[[ Listed records, beginning ]]

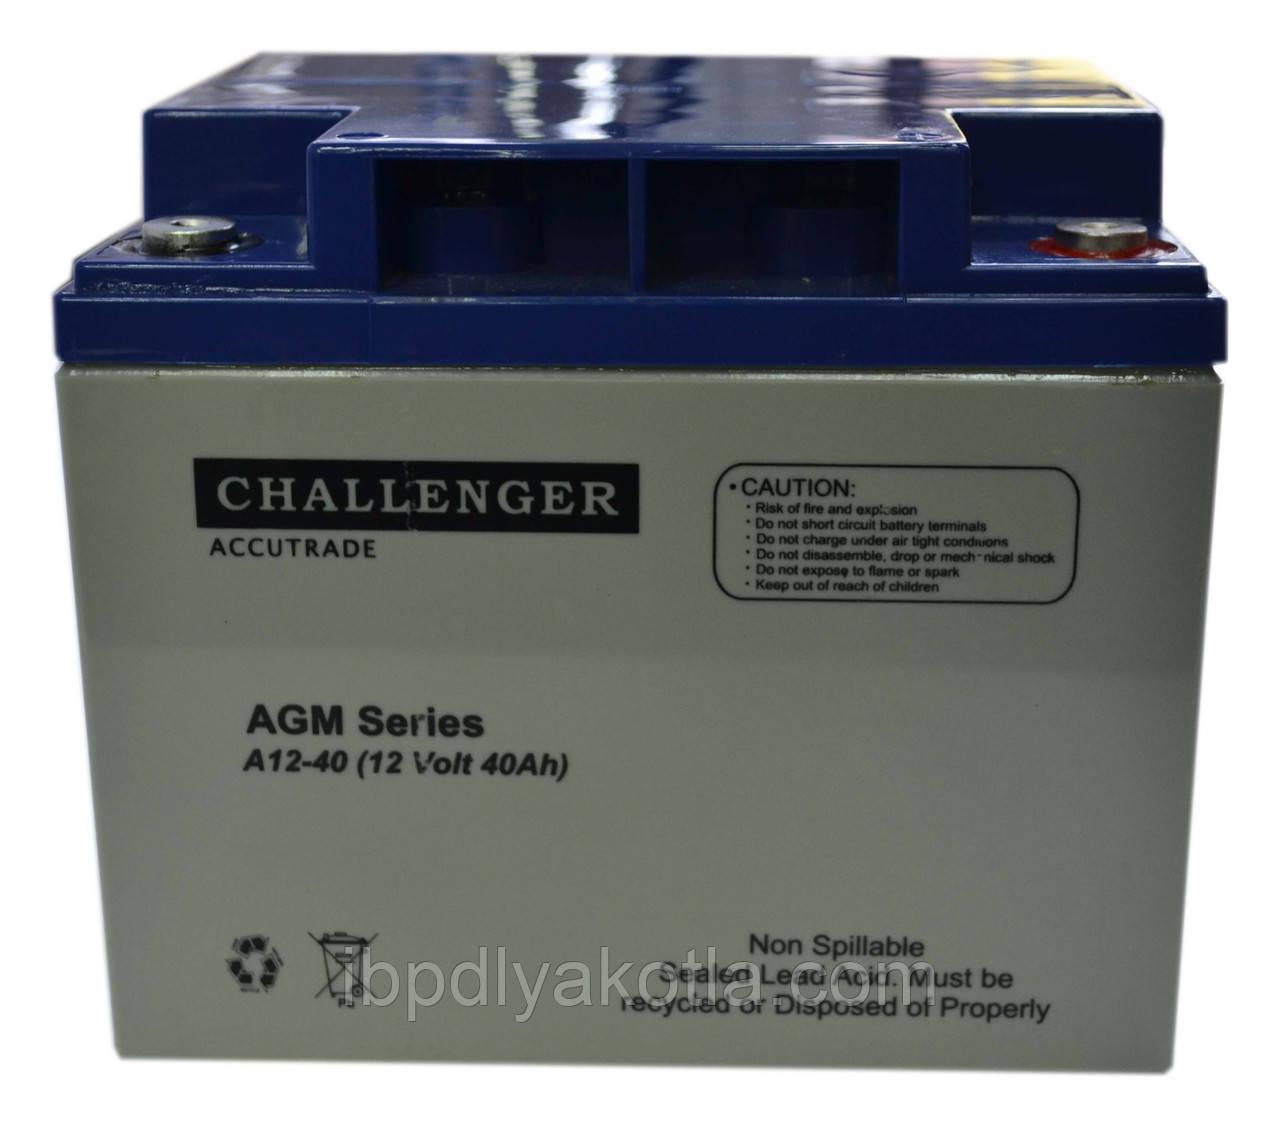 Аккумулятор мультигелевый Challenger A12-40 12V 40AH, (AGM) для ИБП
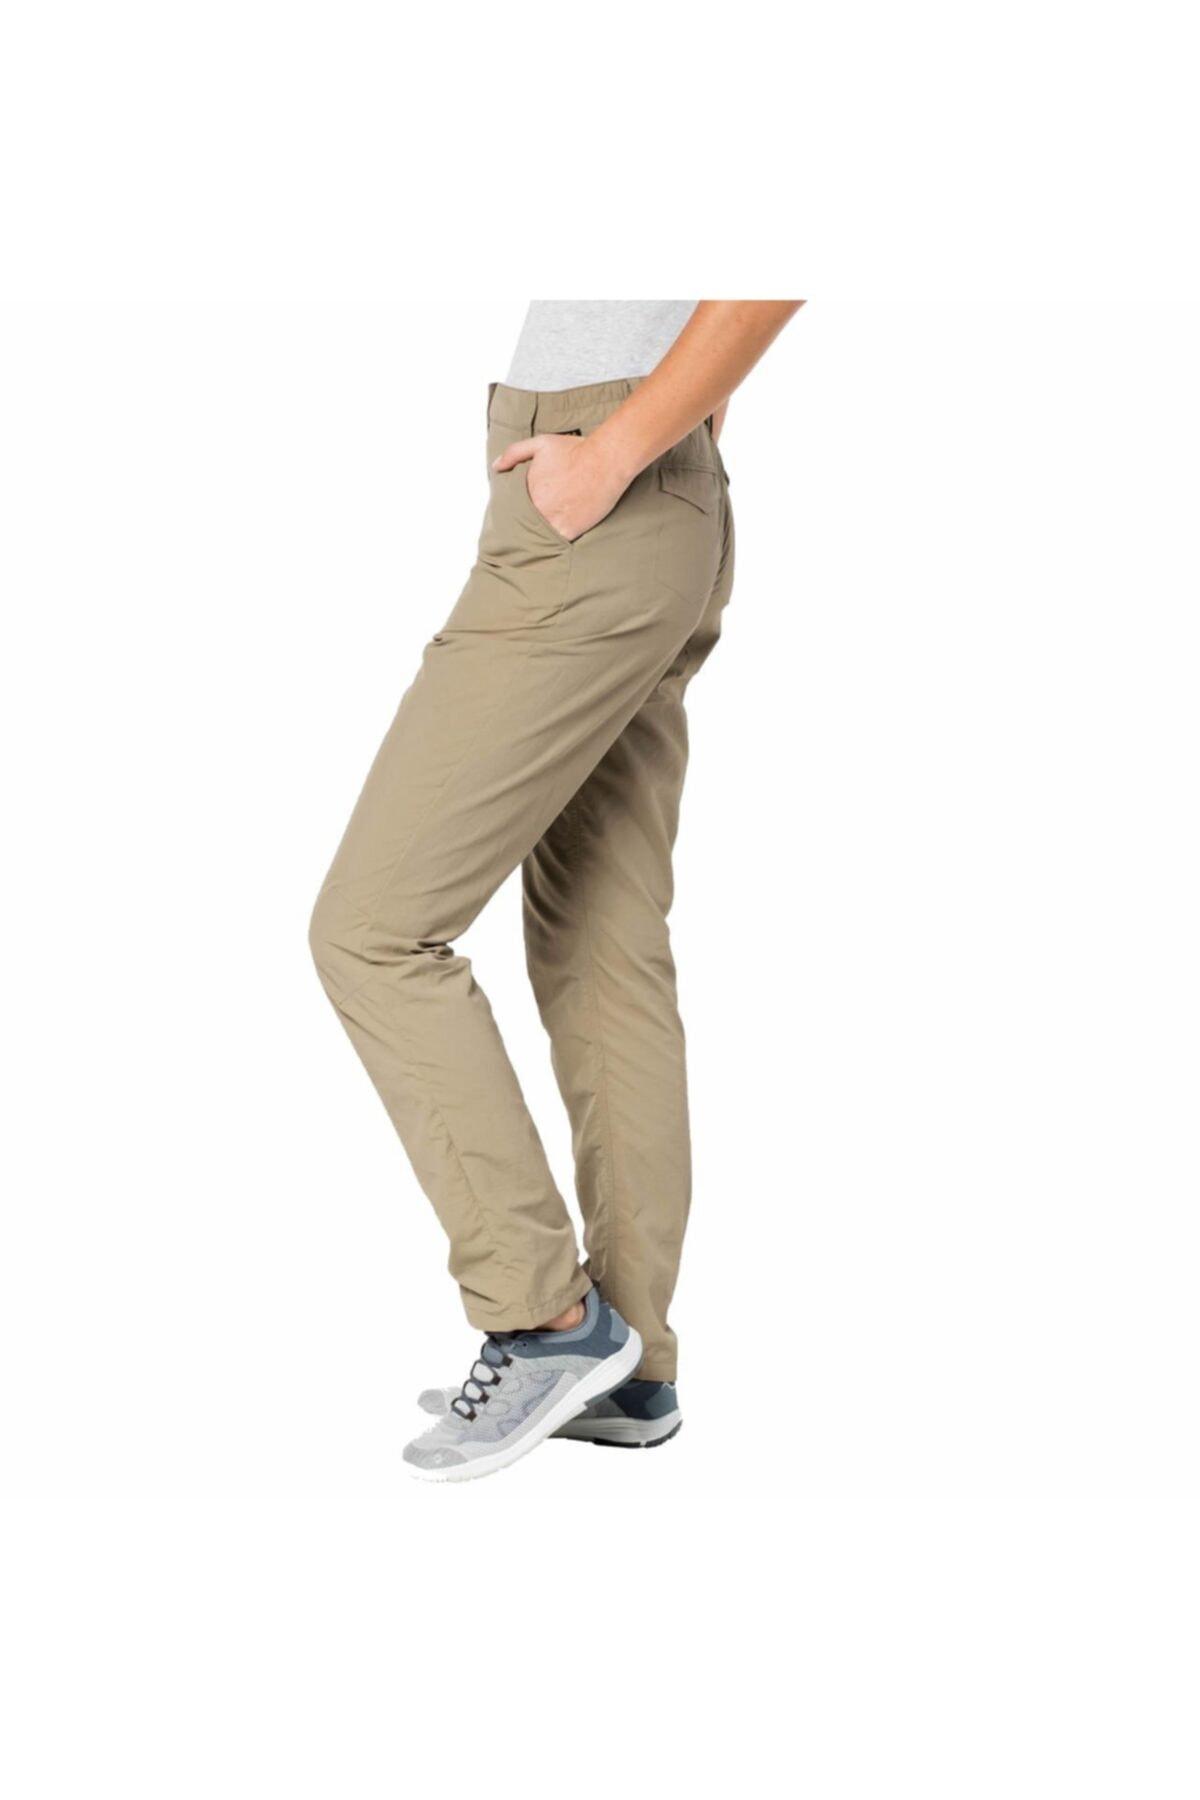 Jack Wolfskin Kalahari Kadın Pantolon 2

[[ Listed records, end ]]
[[ Listed records, beginning ]]

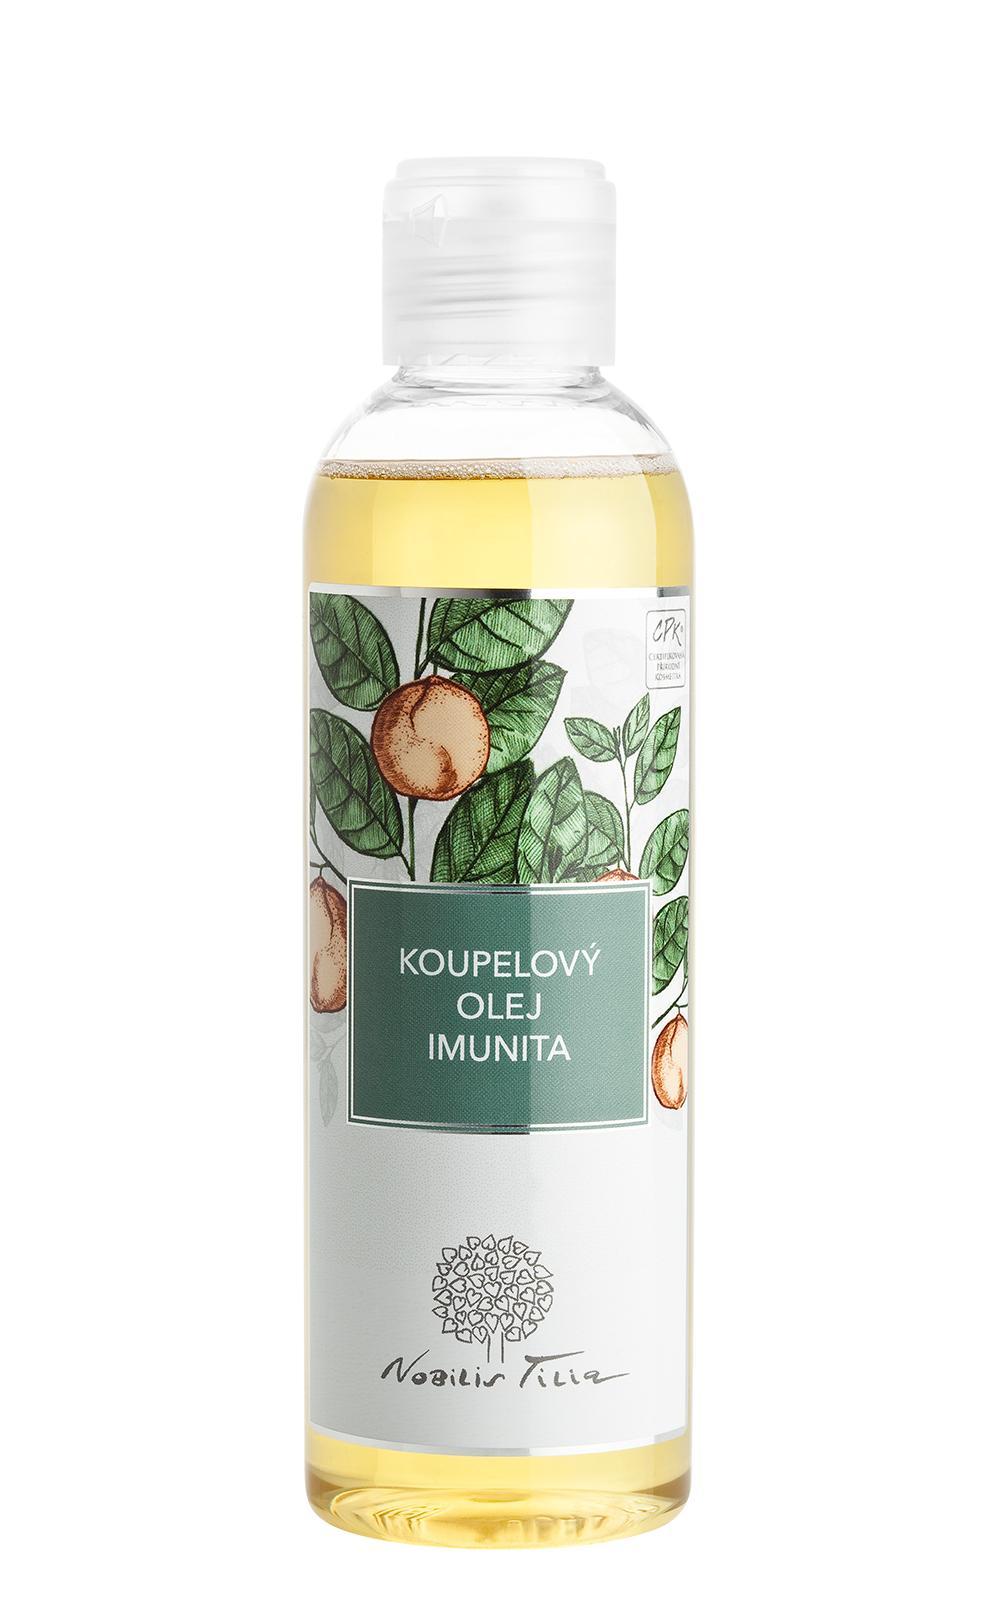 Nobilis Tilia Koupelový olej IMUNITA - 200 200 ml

[[ Listed records, end ]]

→ **What is being asked**:
Would you give again, exactly, the lines in the data above that run from the line containing "Аккумулятор мультигелевый Challenger" to the line containing "Jack Wolfskin Kalahari Kadın Pantolon 2"? Include both ends and no pictures.

→ **Response for this exercise**:
 Аккумулятор мультигелевый Challenger A12-40 12V 40AH, (AGM) для ИБП
 Jack Wolfskin Kalahari Kadın Pantolon 2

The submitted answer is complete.